I get it. There might come a time when hiring a professional designer just isn’t in the cards and even the pre-made cover is out of reach. While I don’t recommend going the diy route, I’m happy to share some cost saving tips for those that have no other options.
Create your own book cover in Canva. It’s free to join, and you’ll have instant access to their selection of ebook cover templates, most of which are available for a small fee. Canva’s user friendly interface makes it easy for even the inexperienced designer to design a nice book cover.
Another option is PicMonkey. Like Canva, it’s free to join, but you must pay a monthly subscription fee of $7.99/month to access their premium tools. And although they offer templates, the ebook isn’t among them. If you’re savvy enough though, you can use their tools and how-to videos to create something nice.

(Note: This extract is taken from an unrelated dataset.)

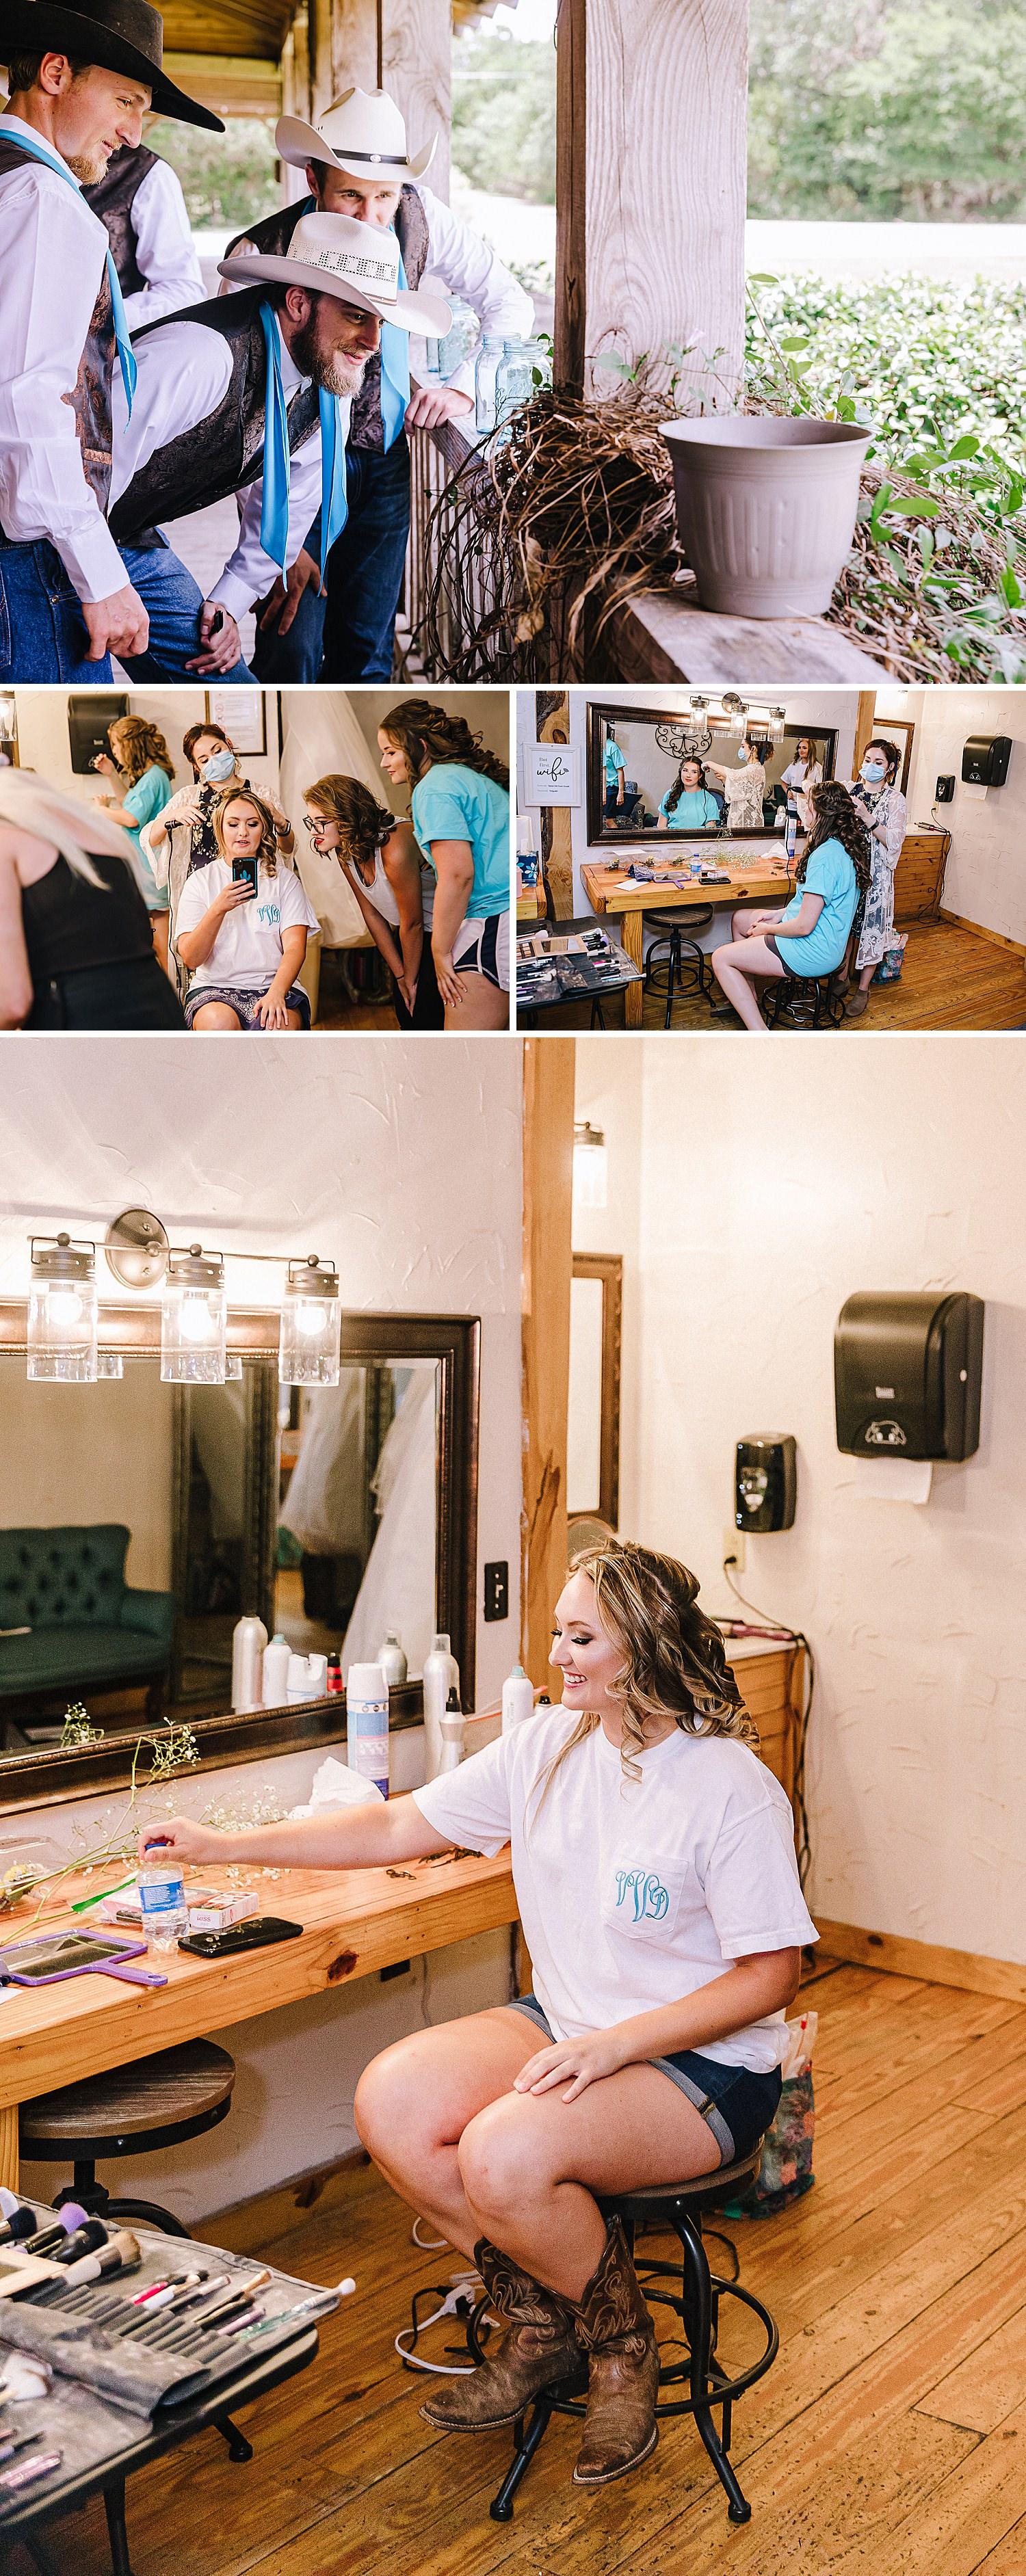 Carly-Barton-Photography-Old-Town-Texas-Rustic-Wedding-Photos-Sunflowers-Boots-Kyle-Texas_0029.jpg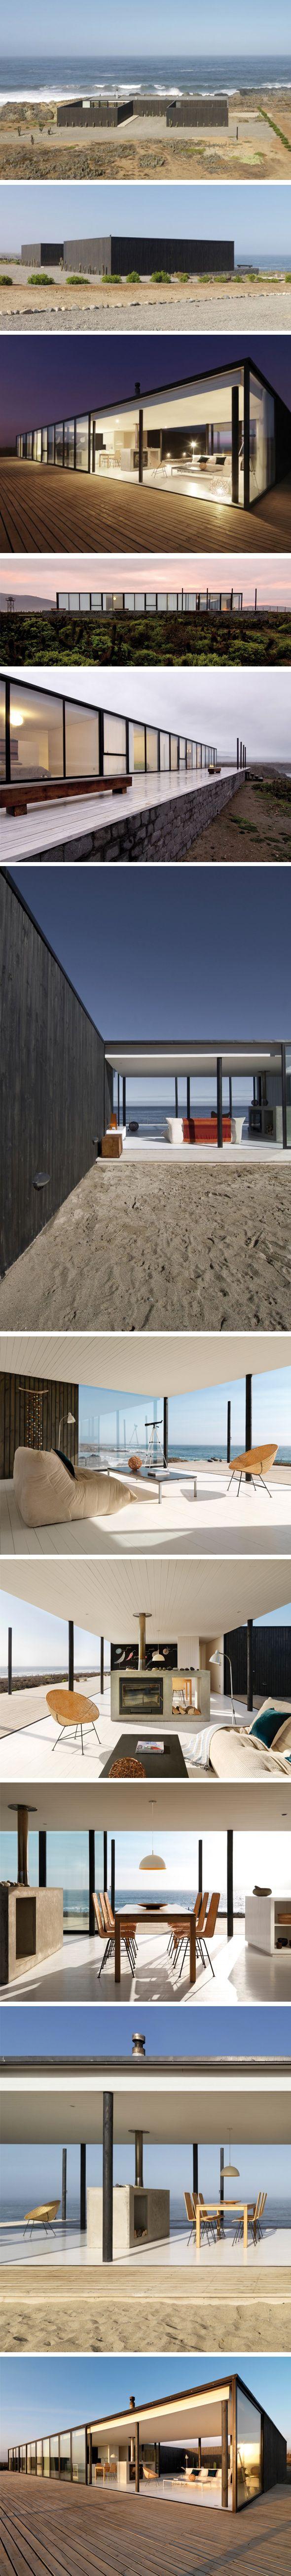 Casa W by 01ARQ, Chile ,nice design hmmmm new house somewhere warm !!

For the adventurous author, download the free alternative to Photoshop, Gimp. Their website offers a plethora of tutorials to get you started. Or you can just go with the Photoshop subscription I mentioned earlier in this article.
With most of these, you’ll need stock photos, and if you’re on a tight budget, free might sound nice. Head over to Pexels for thousands of beautiful photos licensed under the Creative Commons Zero license. This means you’re free to use them for personal and commercial use.
Find free fonts and other goods in your email every Monday from the Creative Market. Signing up is free—just be sure to check the licensing of each free item you download. For more open source fonts, head over to Font Squirrel or Google Fonts.
Do have fun.
Whatever route you choose, whether it be designer, template, or your own creation, enjoy the process. You’ve written this amazing book, and it’s satisfying to see your words come to life in a visual way. Show it off, flaunt it, have a huge book cover reveal party, create a million graphics with your cover and share them everywhere. Make readers remember your book. The book cover is your calling card. Pass it around!